Hani, 28 ans, qui parle sous couvert de l’anonymat de peur de représailles une fois rentré en Syrie, a eu la partie supérieure droite du visage écrasé par des tirs des forces du régime de Bachar al-Assad. Hospitalisé depuis plus d’un an, il a perdu un œil et subi de multiples opérations.
Sameh, 31 ans, arrivé il y a trois semaines, a été amputé d’un bras après avoir été blessé en combattant l’armée du régime.
« Quand je serai guéri, je retournerai me battre contre Assad », dit-il sans hésiter. Comme Hani, il remercie tout le personnel de l’hôpital.
« Le gouvernement syrien nous a toujours dit qu’Israël est un pays ennemi et qu’il vaut mieux être en contact avec le diable (…) Mais je suis reconnaissant à Israël et à l’armée israélienne de ce qu’ils ont fait pour moi », ajoute ce combattant.

Israël s’emploie à rester à l’écart du conflit chez son voisin, avec lequel il reste techniquement en guerre. Il admet toutefois avoir mené des dizaines de frappes contre, selon lui, des convois d’armes destinés à l’un de ses grands ennemis, le groupe terroriste chiite du Hezbollah libanais, qui combat aux côtés du régime Assad. Il s’alarme d’un enracinement croissant de l’Iran en Syrie.
Il surveille attentivement le rapport de forces dans la partie syrienne du Golan. La zone au nord-est d’Israël est un des derniers bastions des rebelles combattant le régime syrien. Des groupes jihadistes sont également présents.
Fait exceptionnel, l’armée israélienne s’est dite vendredi prête à aider un village contrôlé par le régime syrien à quelques kilomètres de la ligne de démarcation avec Israël, après une attaque de jihadistes contre la localité, majoritairement druze.

Intérêts ‘stratégiques’
Le message d’Israël visait apparemment à apaiser sa propre minorité druze. Les soins prodigués aux blessés de Syrie ont conforté les druzes dans le soupçon qu’Israël assistait les rebelles syriens.
Israël rejette ces accusations, sans exclure que des rebelles se trouvent parmi les blessés qu’il traite.

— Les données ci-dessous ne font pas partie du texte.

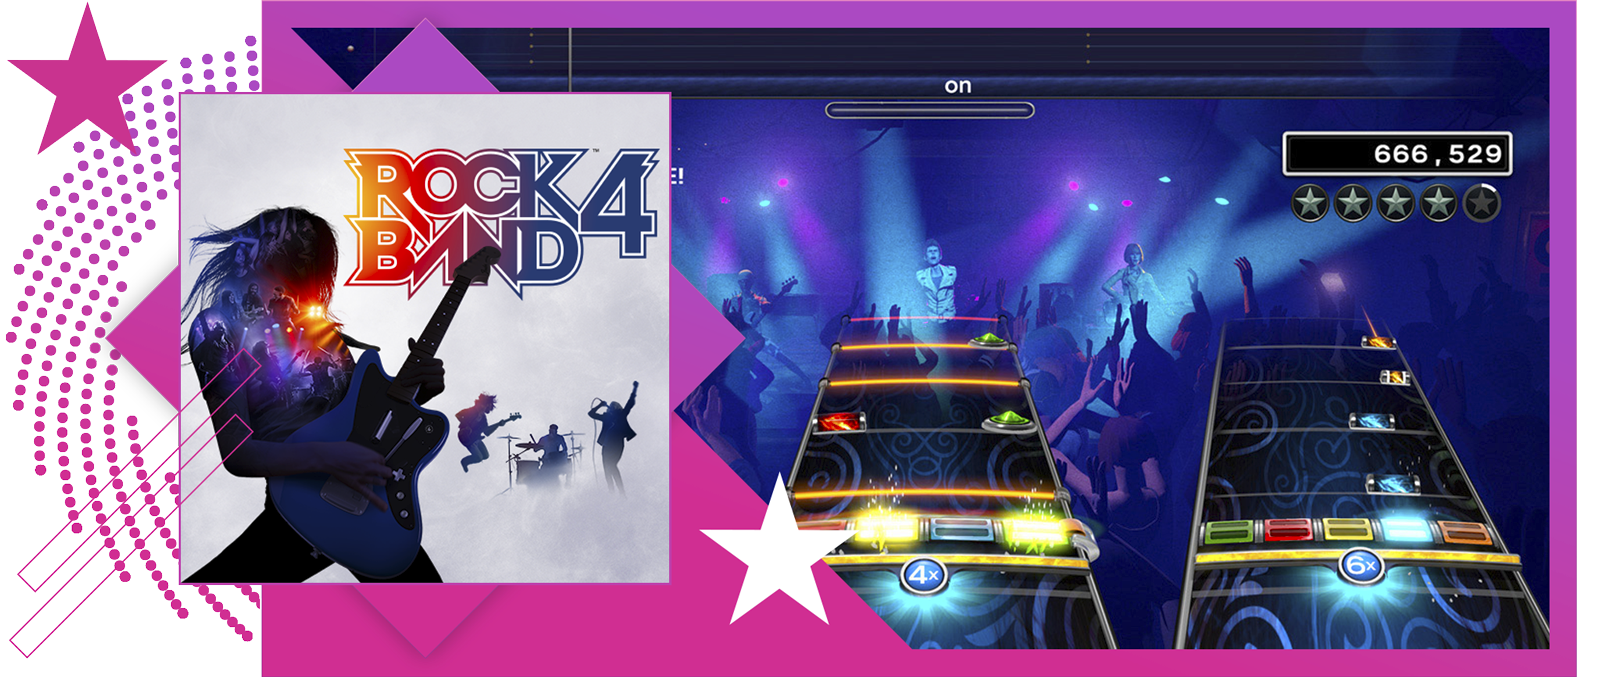 Slika funkcije za najbolje ritmičke igre, sa konceptualnim umetničkim prikazom i tokom igre iz Rock Band 4.
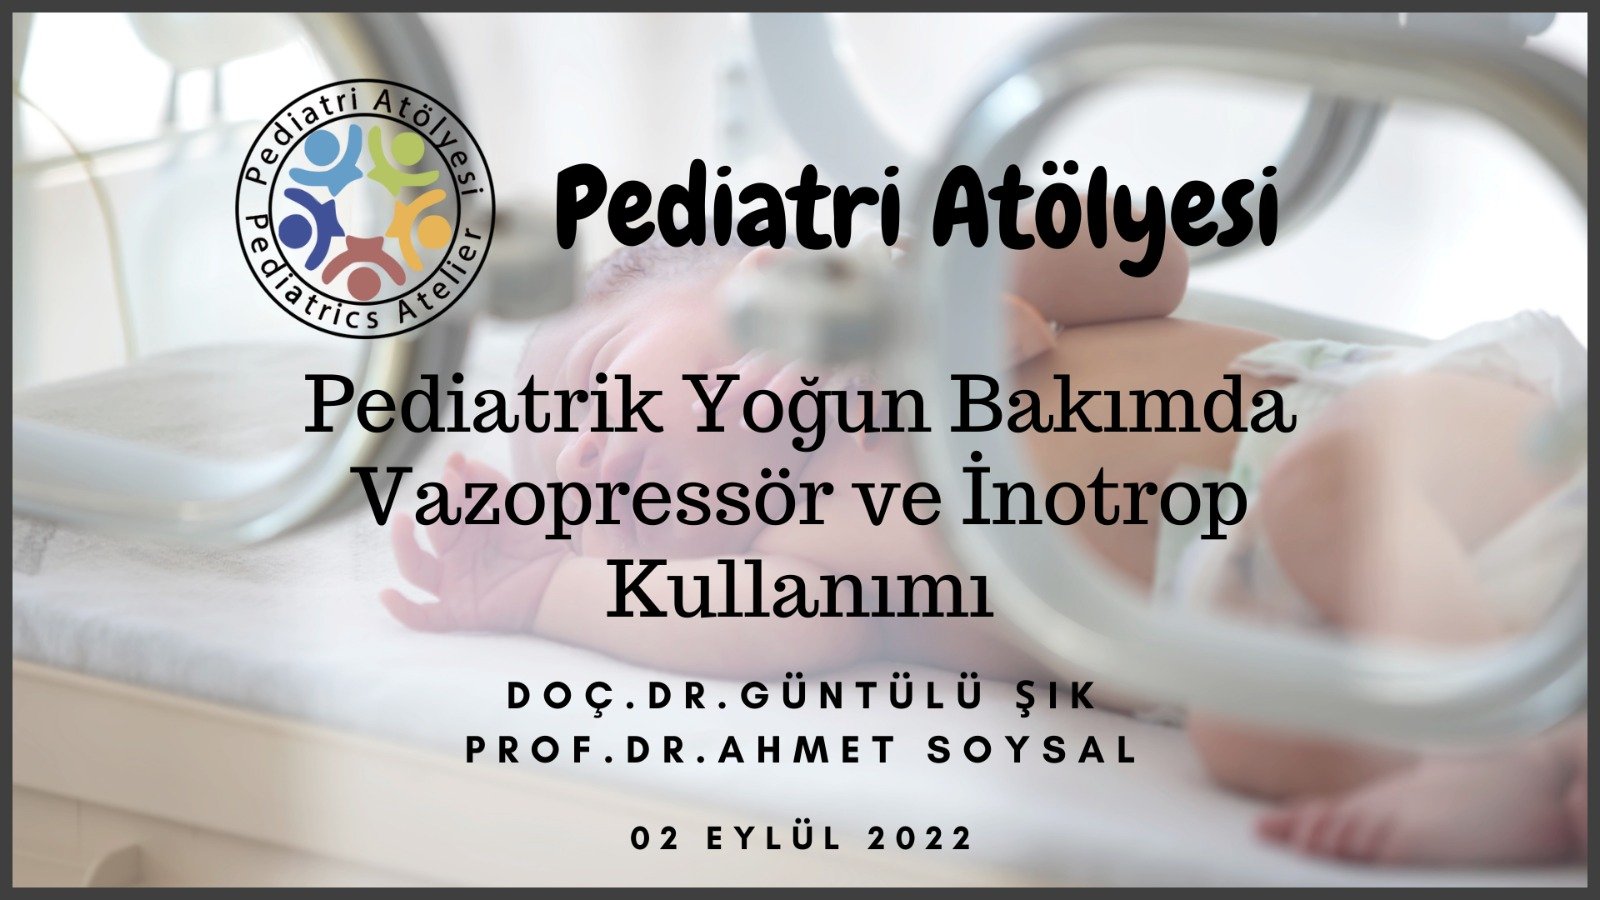 Pediatrik Yoğun Bakımda Vazopressör ve İnotrop Kullanımı

« Quand quelqu’un arrive je ne lui demande pas de quel côté il se trouve. Je vois un blessé, je m’en occupe », dit le médecin en chef Tomer Kolar. La plupart des blessés sont des « civils du coin », mais il est « possible qu’il y ait aussi des rebelles ».
Cette assistance s’inscrit dans une tradition humanitaire de l’armée, dit le chercheur israélien Ely Karmon, spécialiste de la lutte anti-terroriste.
Cependant, dit-il, en aidant des blessés syriens, Israël a des « intérêts tactiques », comme la tranquillité de la ligne de démarcation, « et stratégiques : maintenir une zone tampon (tenue par les rebelles) qui isole Israël du Hezbollah et des forces iraniennes présentes dans le sud de la Syrie ».